It is also important to identify the characteristics of the questions that ChatGPT responds well to, enabling users to learn how to phrase their questions to receive better responses. Although previous studies suggested using a ChatGPT response validation tool 30 and fine-tuning with cancer guidelines, 31 there is a lack of research assessing the characteristics of questions that elicit high-quality answers.
This study aimed to assess ChatGPT's capacity to provide information in response to diet-related questions. We considered dietitians’ responses as a gold standard and compared the responses of human dietitians with those of ChatGPT to diet-related questions from an online Q&A forum.

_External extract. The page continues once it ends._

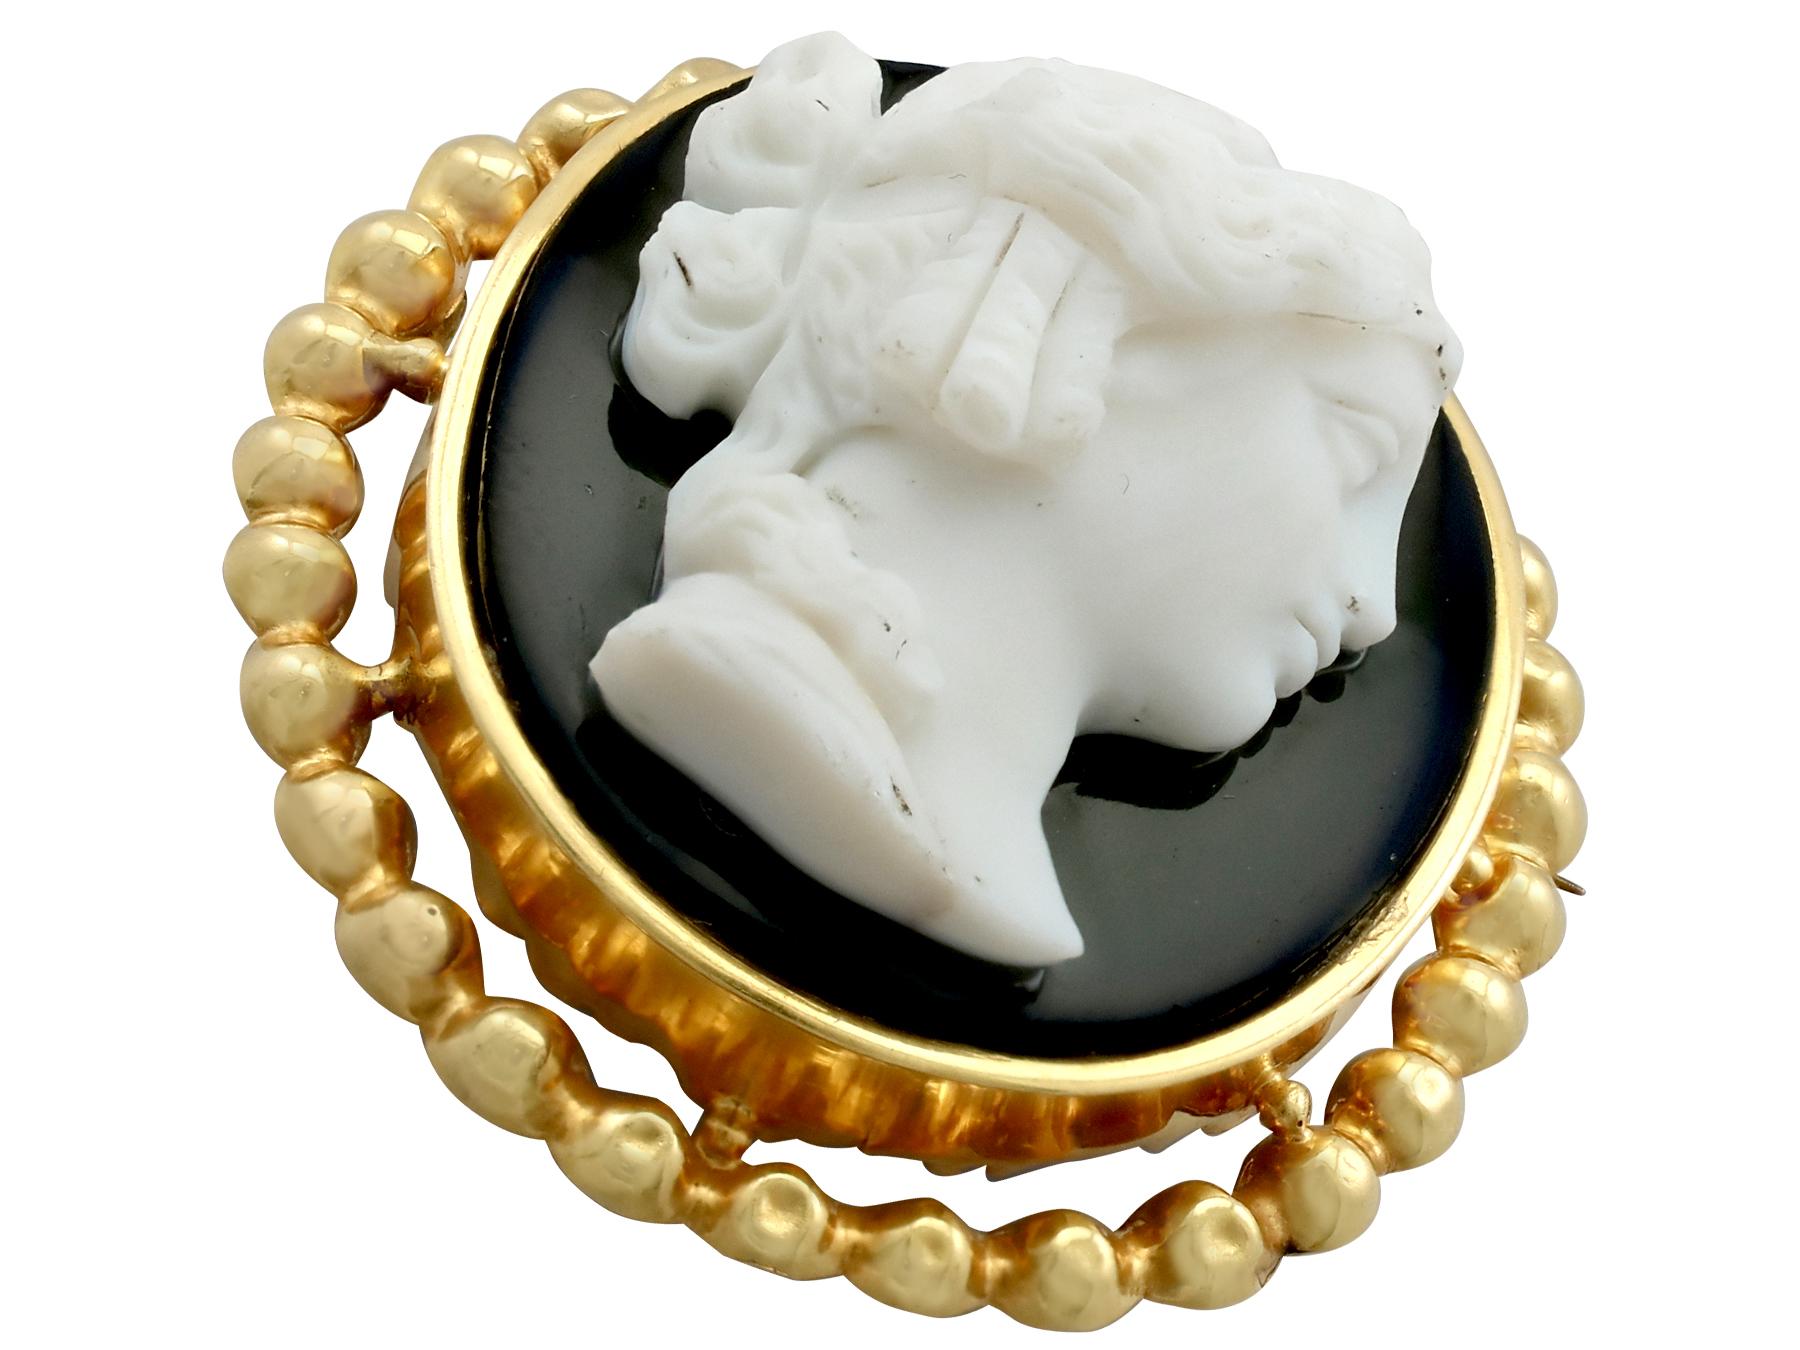 Antique French Cameo Brooch or Pendant in Yellow Gold, circa 1880 In Excellent Condition For Sale In Jesmond, Newcastle Upon Tyne

We specifically focused on the similarities between the responses from dietitians and ChatGPT and the characteristics of questions that resulted in human expert-like ChatGPT responses.
Methods
Data source
We collected diet-related questions posted on Naver Knowledge-iN, an online Q&A platform with a database of nearly 970 million questions and answers, with over 100 million questions and answers uploaded only in 2023, operated by Naver (as of December 8, 2023). 32 Naver is the leading portal site in the Republic of Korea, accounting for 58.14% of the search engine share and capturing 65.63% of the health/medical-related searches in 2024. 33 On Naver Knowledge-iN, users can post questions across various fields, and anyone can provide answers. Experts who wish to contribute to the online Q&A platform can submit proof of their qualification, such as a dietitian license, to Naver Knowledge-iN. Once reviewed, qualified individuals are designated as experts and listed accordingly. Responses from experts in relevant fields are distinguished from those of general users by special marks. These marks help questioners determine the credibility of the responses. For diet-related questions in nutrition and weight management categories, only registered dietitians are listed as experts.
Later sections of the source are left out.